Nel ‘600 la casata dei Romanov assurge al titolo di Zar e così sarà per trecento anni.

Nel ‘700 una principessa tedesca diverrà Caterina la Grande ed entrerà nel concerto delle nazioni europee, invitando grandi pensatori alla sua corte.

Nel ’800 la famiglia Romanov alternerà regnanti oscurantisti a qualcuno più liberale, ma sempre nell’ambito di una politica molto lontana rispetto all’Occidente Europeo.

Nel ‘900 poi, uno Zar rosso, Stalin, oscurerà la fama di tutti i suoi predecessori, dando una interpretazione tutta sua del Leninismo, in cui il concetto di democrazia socialista viene completamente cancellato per dar luogo ad un centralismo che non è quello in un solo paese, ma nelle mani di un solo uomo, il Piccolo Padre.

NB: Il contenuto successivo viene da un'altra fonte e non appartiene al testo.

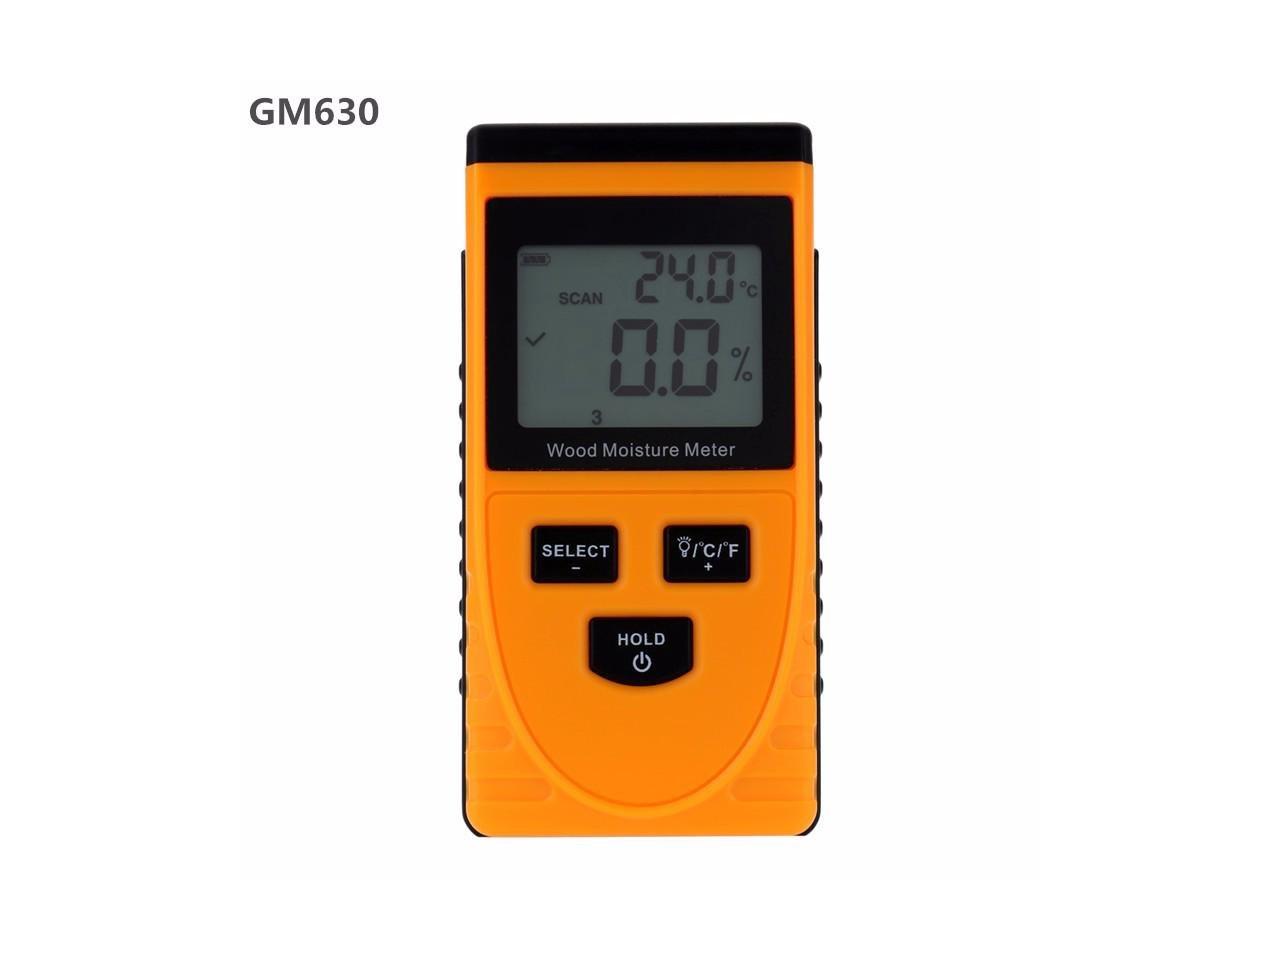 Tekit Professional Digital Wood Moisture Meter Temperature Humidity Tester Induction Moisture Tester LCD Display Hygrometer GM630

Quindi l’esperimento che conduce da una ventina d’anni Vladimir Putin non è peculiare, ma prosegue i sistemi di una lunga serie di predecessori, che datano quasi cinquecento anni.

Con la piccola differenza che Putin dispone di un giocattolo costituito da cinquemila testate nucleari, che potrebbero distruggere il mondo non una, ma cento volte.

Il tema è evidentemente delicatissimo, ne va della vita di tutti noi.

Come Giano Bifronte c’è il rovescio della medaglia, e cioè la grande, indiscutibile cultura russa.

Ricorderò i miei maestri:

– Dostoevskij, quello di “Delitto e Castigo”, de “I demoni”, de “ I fratelli Karamazov”, de “Il giocatore”, l’alfa ed omega della mia esperienza letteraria.

– Tolstoj, non solo quello di “Guerra e Pace”, ma anche quello di “Resurrezione”.

– Turgenev, “Le memorie di un cacciatore”.

Questi sono piccoli excerpta di una collezione formidabile, ma ci sono i grandi poeti, quali Puskin e nel nostro secolo Anna Achmatova e soprattutto Majakovskij.

Da non dimenticare evidentemente i grandi artisti ed i musicisti quali: Musorgskij, Rachmaninoff e Stravinskij.

Un piccolo nucleo di uomini che hanno dato una grande spinta all’Umanità.

Cosa vogliamo dire? Che ci sono i due piatti della bilancia? E che male e bene si equivalgono?

Non è così, solo che la russofobia di quest’ultimo anno mi disturba molto, perché non sa riconoscere distintamente le cose e fa di tutte le erbe un fascio.

Io direi che per conoscere veramente l’anima russa bisogna guardare e riguardare i film di un grande regista, Andrej Tarkovskij, a cui ho dedicato alcuni anni fa un saggio (che vi consiglio di leggere), che mi ha aperto le porte di quest’anima con un opportuno gioco di specchi.

Tutti i suoi film, da “Andrej Rublev”, un atroce mondo medioevale assediato da Tatari feroci e principi corrotti, a “Solaris”, questo magma capace di riprodurre le sembianze di chi gli è prossimo, sino all’infinitamente grande “Stalker”, tanto poetico da essere quasi ineffabile, tutto, ripeto tutto allude alla Zemlja, la terra originaria russa, quella a cui il cuore e la mente di Tarkovskij sono indissolubilmente legati.

La Russia si è sentita sempre assediata e minacciata dall’Occidente, dall’epoca di Alexander Nevskij, alle lotte contro i cavalieri teutonici, attraverso le battaglie di Pietro il Grande contro gli Svedesi, sino alla massiccia invasione di Napoleone nel 1812.

Ma la guerra più spaventosa che ha dovuto subire è stata quella del ‘41-’45, quando le armate germaniche avevano ben chiaro un piano di annientamento, disponendo dei migliori soldati, ufficiali, generali e di un armamento superlativo.

Ma non è bastato: e tutto il popolo sovietico si è sollevato come un sol uomo, sino a riportare la guerra alle sue fonti, a Berlino.

Un grande storico americano Taylor sosteneva che negli ultimi due anni del conflitto l’ottanta per cento delle risorse tedesche fossero riversate sul fronte orientale; e questo la dice lunga sul peso formidabile dell’Armata Rossa nella Seconda Guerra Mondiale.

Amerei terminare il mio intervento ricordando un gioiello della letteratura sovietica : “Il placido Don” di Solochov, in cui il cosacco protagonista, che ha attraversato tutte le fasi della Prima Guerra Mondiale e poi della guerra civile, ritorna al suo villaggio dopo anni pronto a ricominciare una nuova vita sotto il nuovo regime, che ha lungamente combattuto.

Ecco, cerchiamo di trasformare i grandi fiumi della Russia meridionale, in cui ex militari invece di uccidersi vicendevolmente possano andare a pescare con i loro figli o i loro nipoti.